PhosphoSens continuous assays utilize a simple add-and-read protocol, providing the capability for real-time, kinetic measurements, with a straight-forward, fluorescence intensity measurement. These assays provide high accuracy and precision by allowing measurement of the initial reaction rate (measured as the slope of the initial linear region), typically during the first 30-60 minutes and include many data points, with readings performed every 30 seconds to two minutes. This continuous assay format also allows for correction of compound autofluorescence, because this background signal does not change over time and can be corrected for by subtracting background signals (includes compound and all components of the reaction besides the enzyme) from the total fluorescence (all components including enzyme) to determine the net signal at each time point. The continuous format is compatible with essentially any commercially available fluorescence microplate reader capable of kinetic readings, and associated laboratory automation equipment. No stop solution or quench/develop step is needed, minimizing time, while maximizing throughput.
Because many compound libraries contain auto-fluorescent compounds, AssayQuant offers PhosphoSens Red assays that allow detection at longer (>600 nm) wavelength, with the same excitation maximum, and use time-resolved fluorescence. We recommend using a 100 µsecond delay between excitation and detection at the emission wavelength, with a 300 µsecond acquisition time, to avoid signal contamination from fluorescent materials in the reaction mixture, which have a very short (nanosecond) lifetime. Our end-point assays utilize the same reaction set up as our continuous assays, and once the reaction is run, a Europium ion (Eu3+) based reagent is added to each well, which displaces Mg++ in the chelation complex. Excitation of the Sox fluorophore sensitizes the europium luminescence, producing light with a 615 nm (red) maximum that can be measured using standard filters. The PhosphoSens Red assay can often use the same PhosphoSens substrate as is used for the continuous format. However, some highly acidic substrates (e.g., those often used for tyrosine kinases), can give rise to low signal to background ratios with the red format. To address this situation, we have identified alternative sensor-peptide sequences that allow for an optimized PhosphoSens Red assay, with signal to background ratios of 2 or greater, which provide Z’ values of 0.7 or higher (0.5 is considered excellent). In these cases, the same sequence can be used for the continuous format, with the same sensitivity or only a small decrease in sensitivity of the assay.

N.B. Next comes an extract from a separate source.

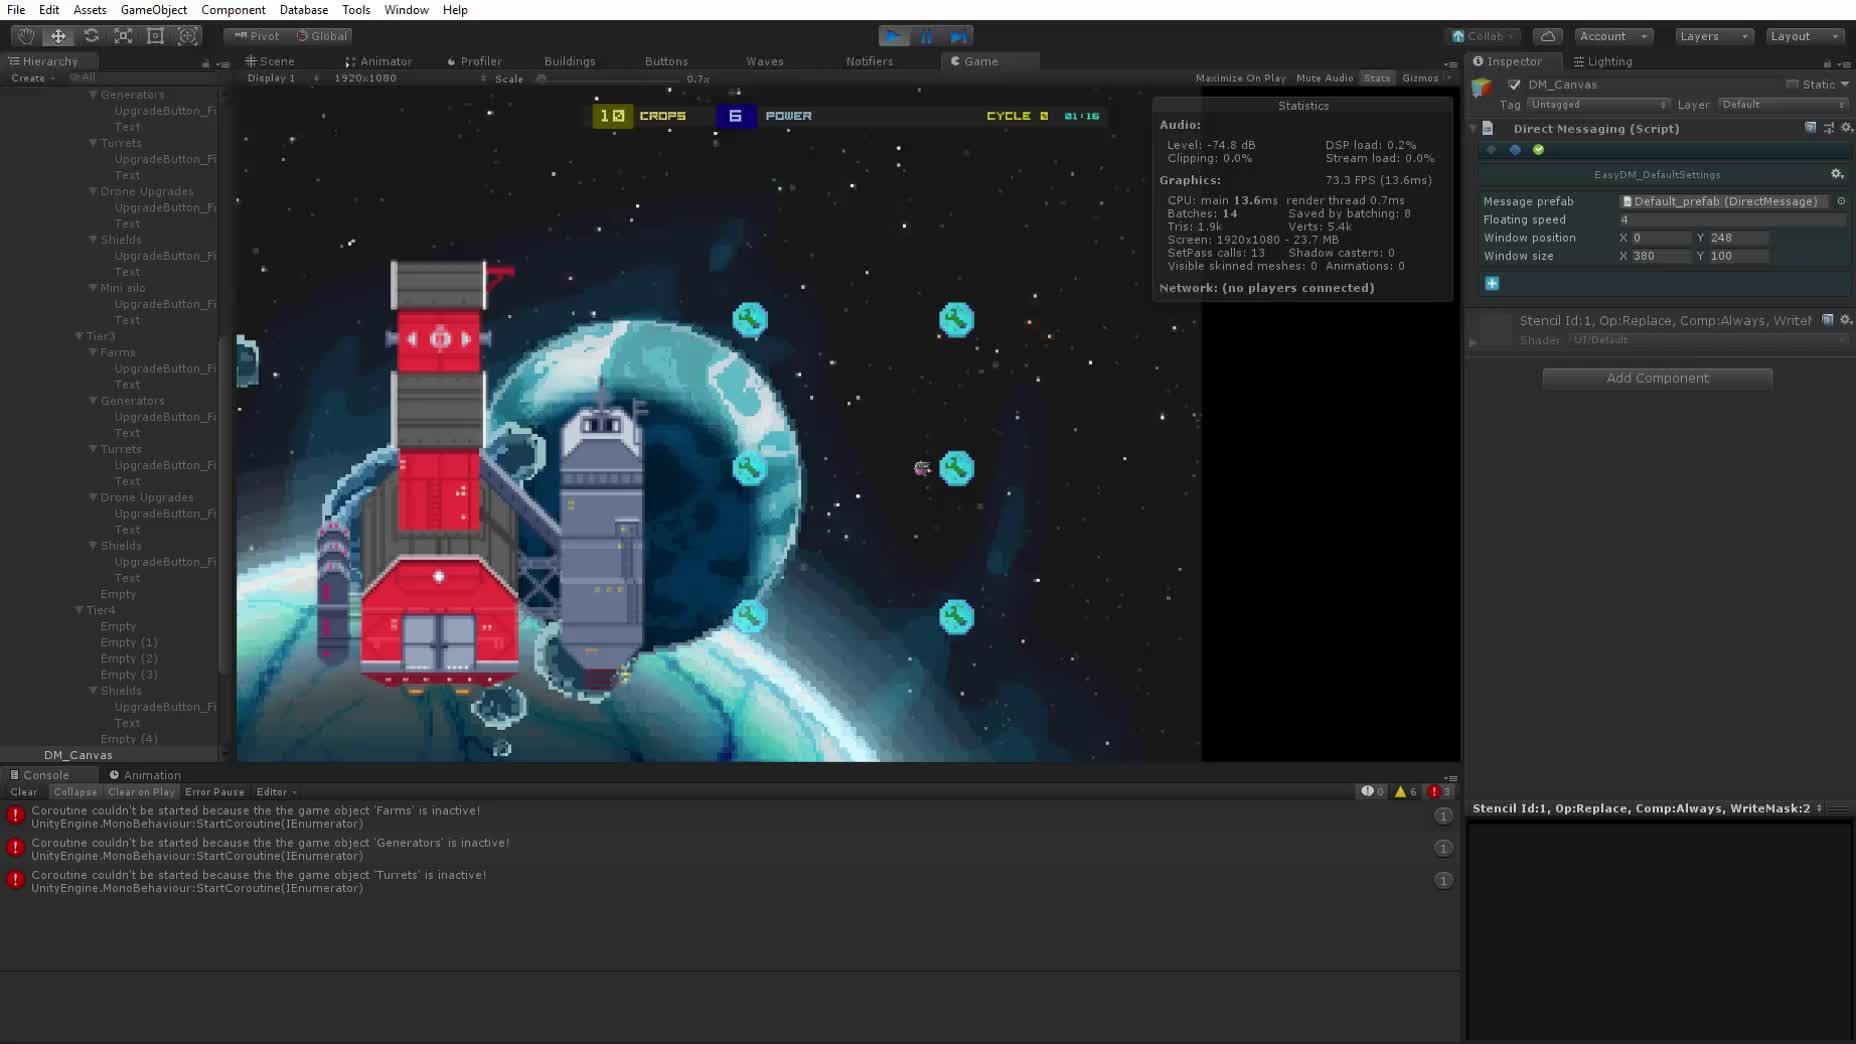 Unity 2018.1.5f1 Personal (64bit) - 2 GameScene.unity - Starfarmer - PC, Mac & Linux Standalone DX11  27 08 2018 19 44 39 GIFs

In addition to our Continuous and End-Point/Red Enzyme and Inhibitor Activity Assays, AssayQuant also offers assays for three different families of enzymes: protein kinases, protein phosphatases and lipid kinases. All AssayQuant protein kinase and phosphatase assays are based on the use of fluorogenic sensor-peptide-based substrates as described on our Technology page. The lipid kinase (Diacylglycerol Kinases or DGKs), which use lipid (DAG) substrates, are currently only offered as part of AssayQuant’s Testing Services.